■ **Prompt**: After locating the line that holds "Costas Mandylor SAW FILMS Legend", copy that line and all that follow it word for word through the end of the data, with no pictures.

■ **Supplied material**:

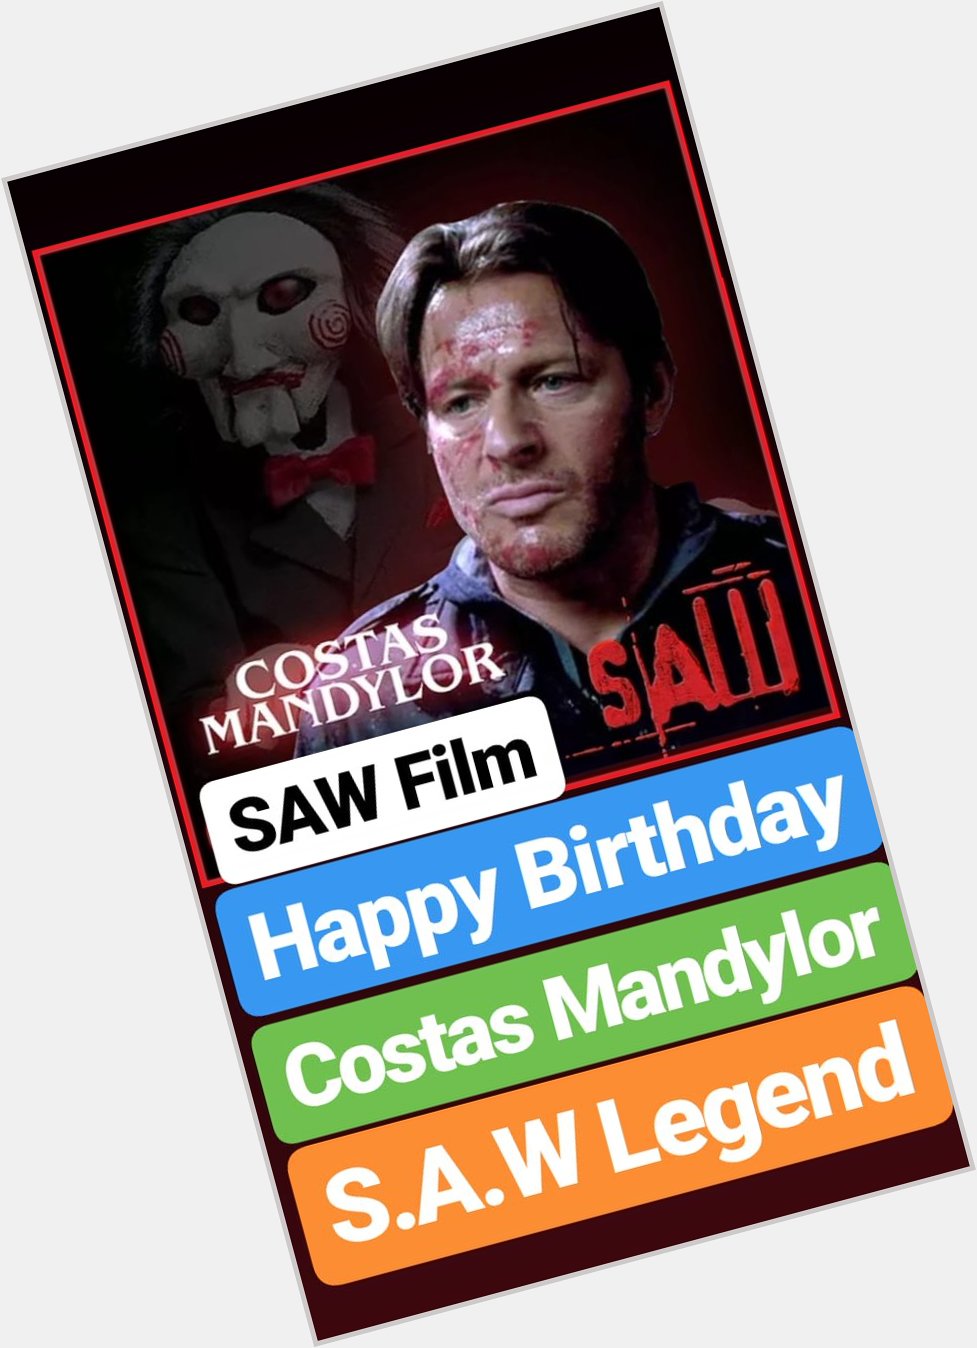 HAPPY BIRTHDAY 
Costas Mandylor SAW FILMS Legend 
S.A.W HORROR FILM ACTOR  
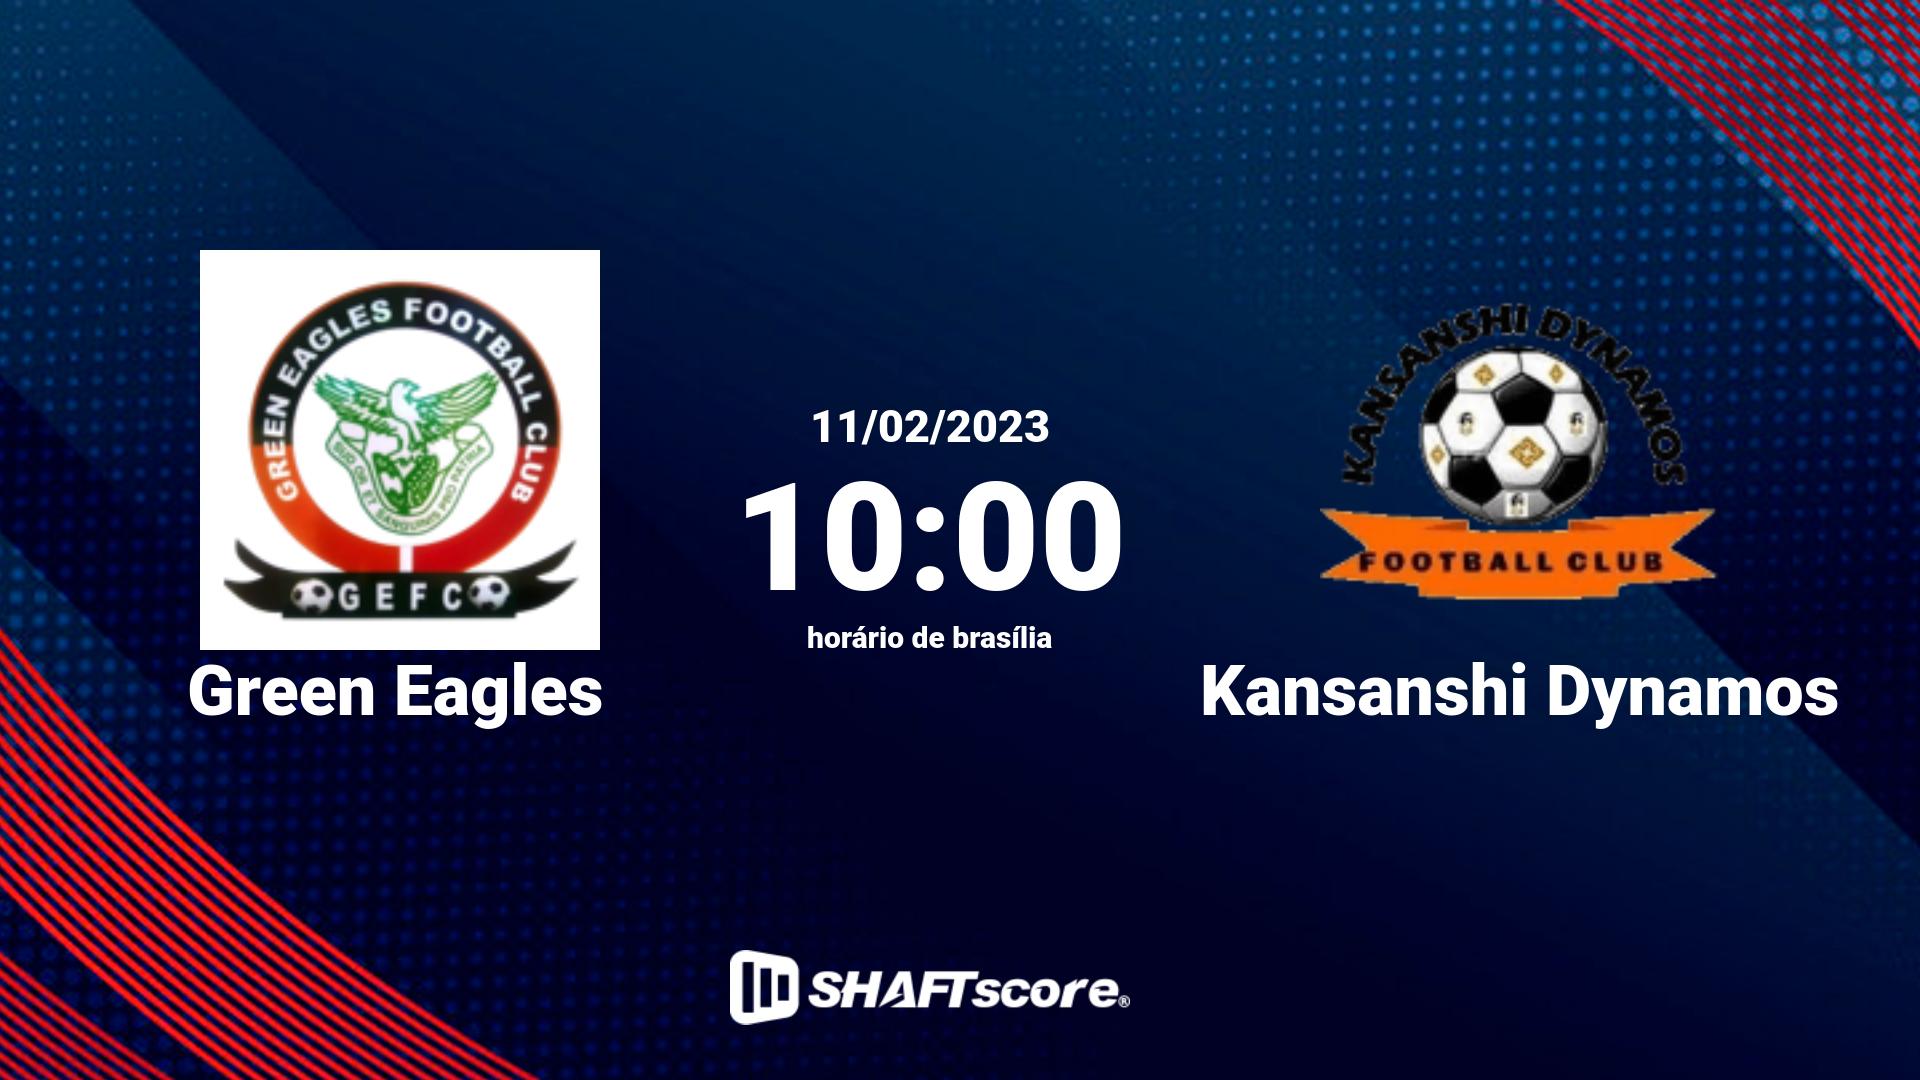 Estatísticas do jogo Green Eagles vs Kansanshi Dynamos 11.02 10:00

■ **Task answer**:
Costas Mandylor SAW FILMS Legend 
S.A.W HORROR FILM ACTOR  
 Estatísticas do jogo Green Eagles vs Kansanshi Dynamos 11.02 10:00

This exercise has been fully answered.